◆ Action item ◆
Repeat the data exactly, please; no pictures belong in the copy.

◆ Data block ◆
+--

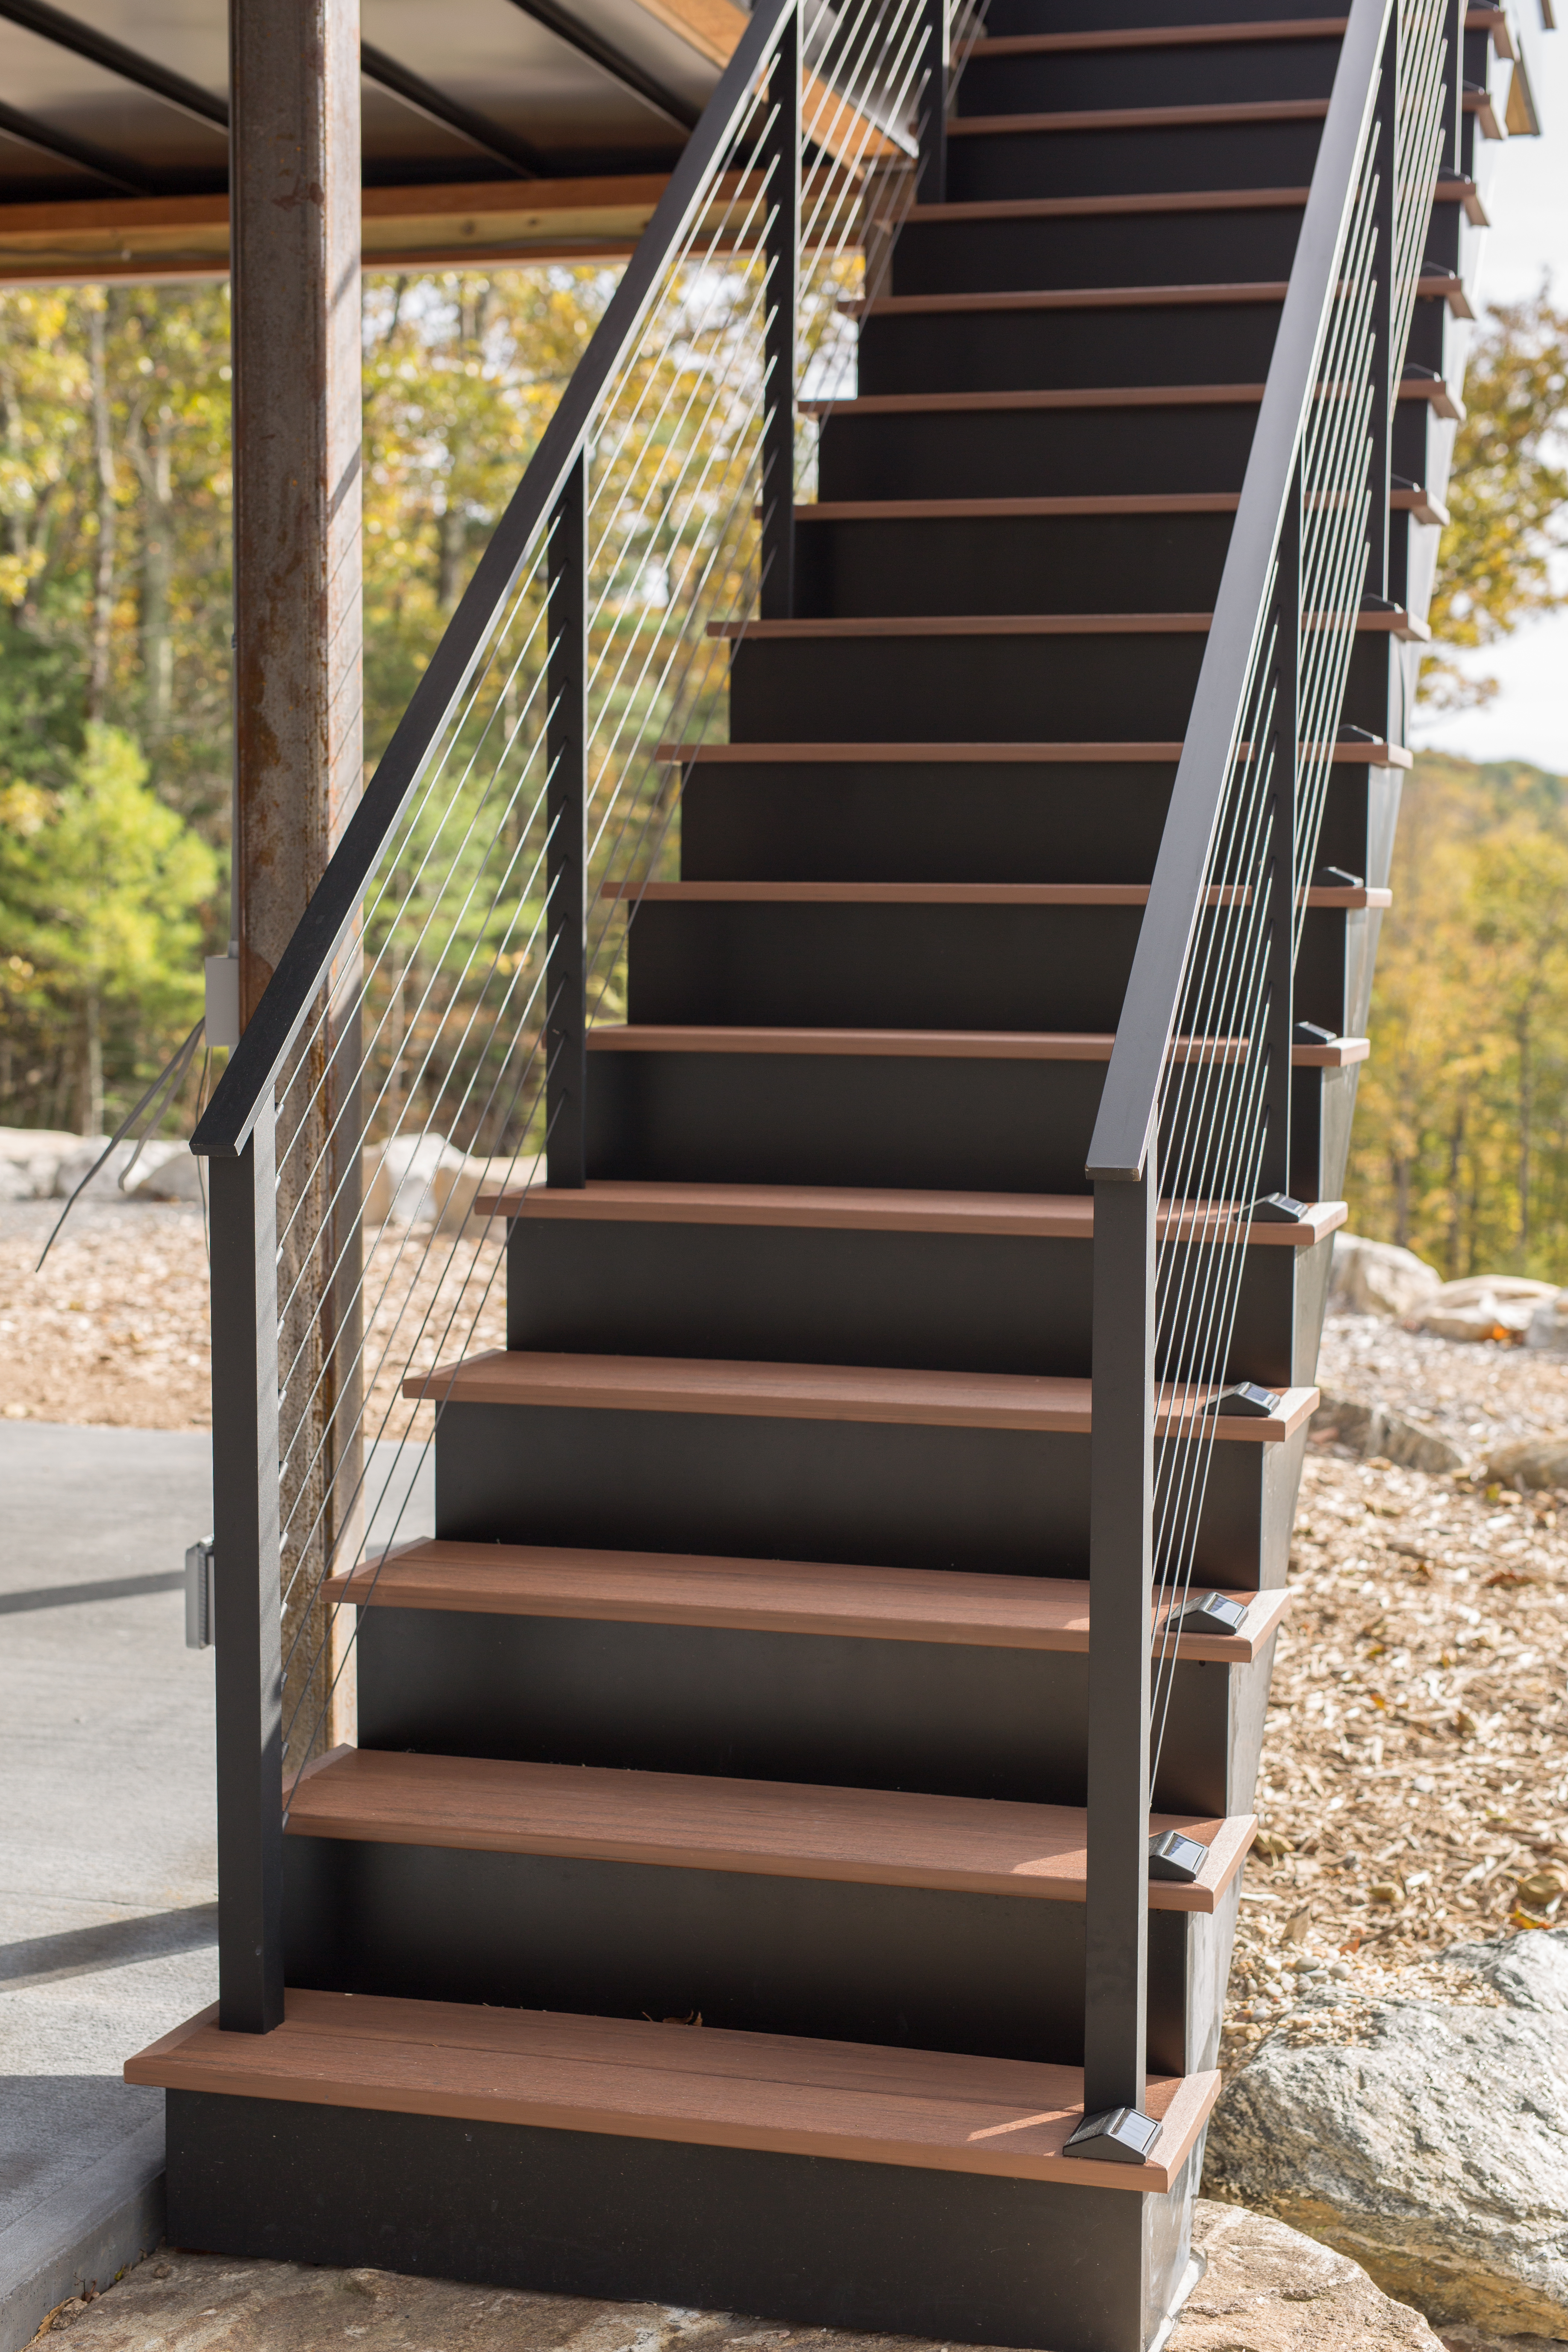 Exterior Deck staircase with black railing system
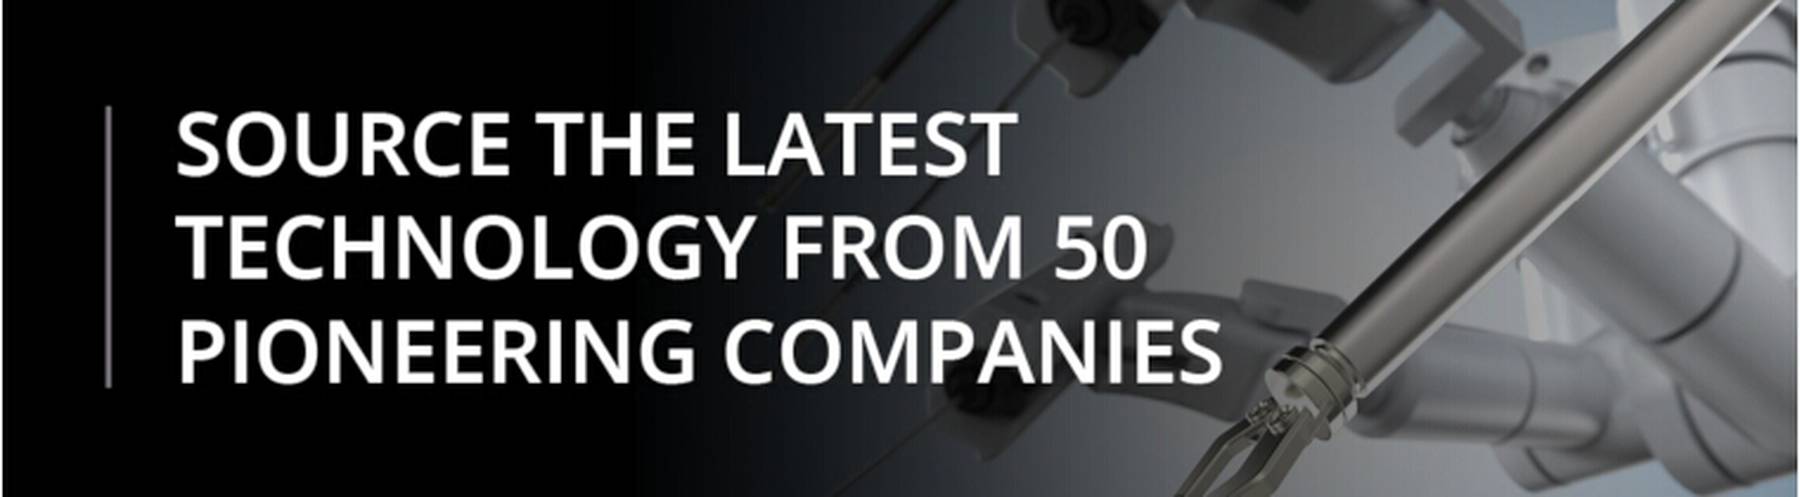 Source the latest technology from 50 pioneering companies
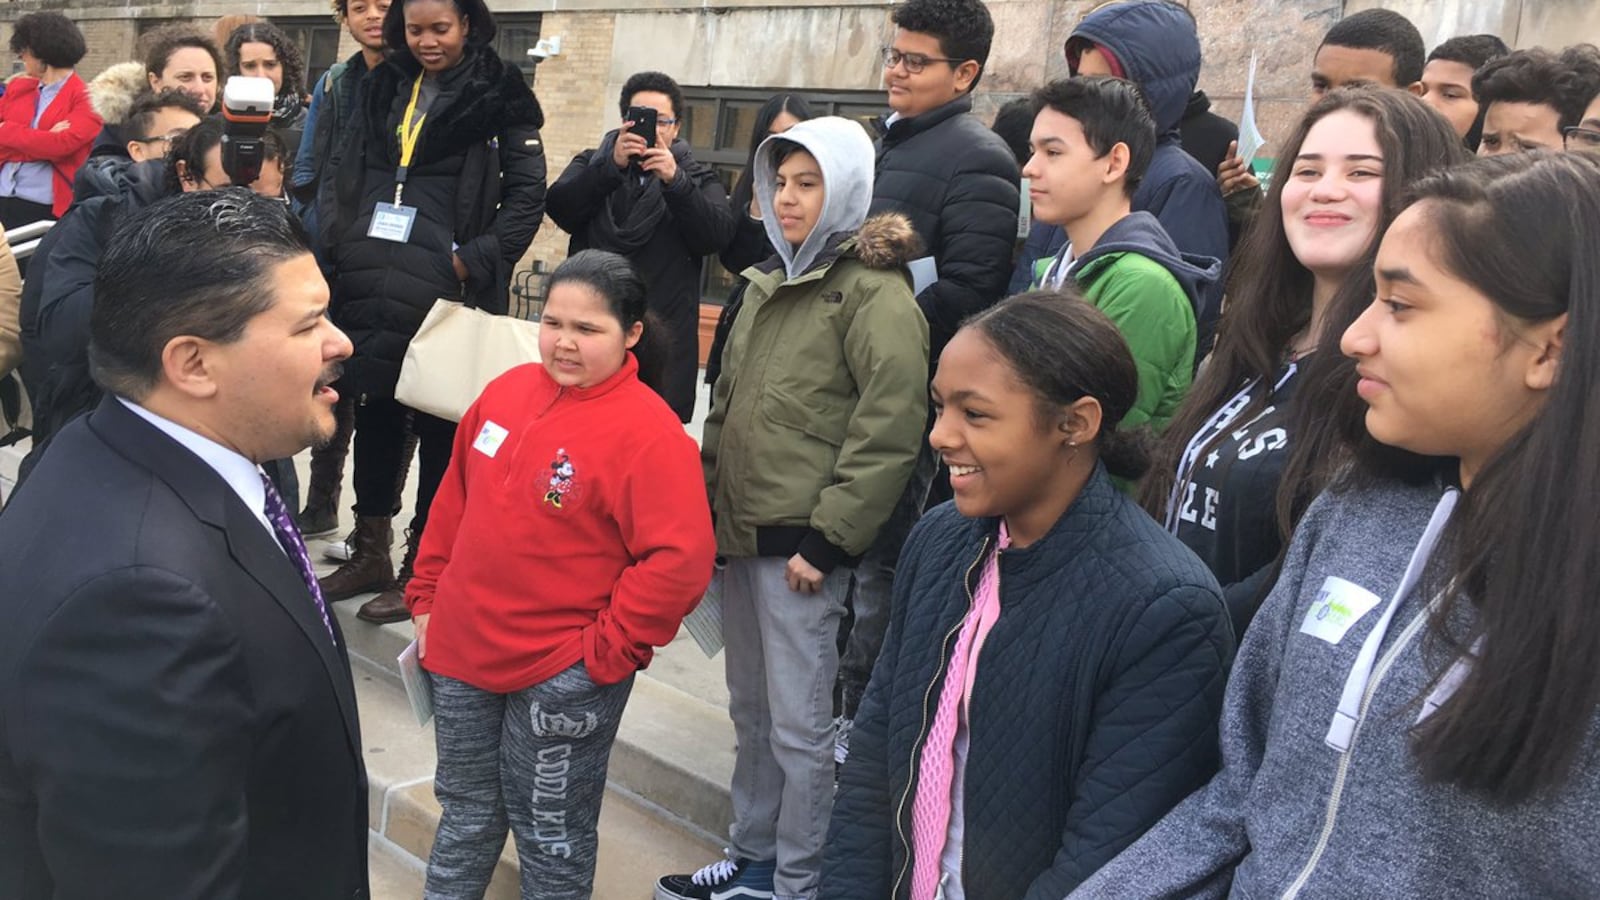 Chancellor Richard Carranza meets with middle school students on a college tour.
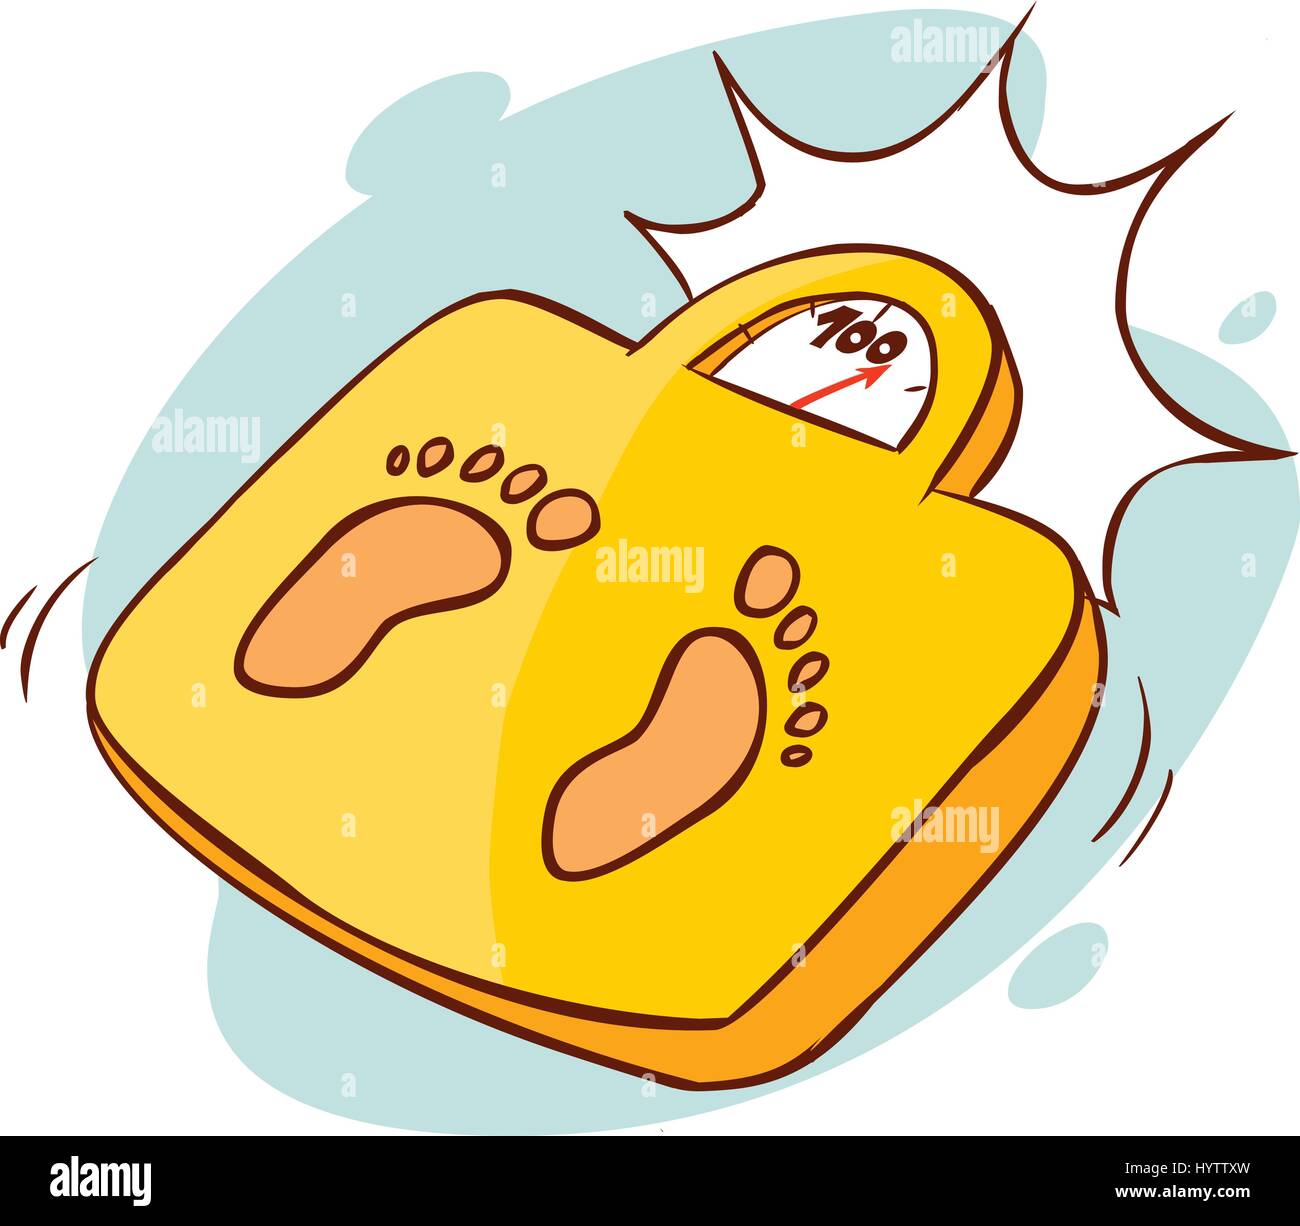 vector illustration of a Scales for weighing. Stock Vector

+--

◆ Exercise result ◆
 Exterior Deck staircase with black railing system
 Source the latest technology from 50 pioneering companies
 Chancellor Richard Carranza meets with middle school students on a college tour.
 vector illustration of a Scales for weighing. Stock Vector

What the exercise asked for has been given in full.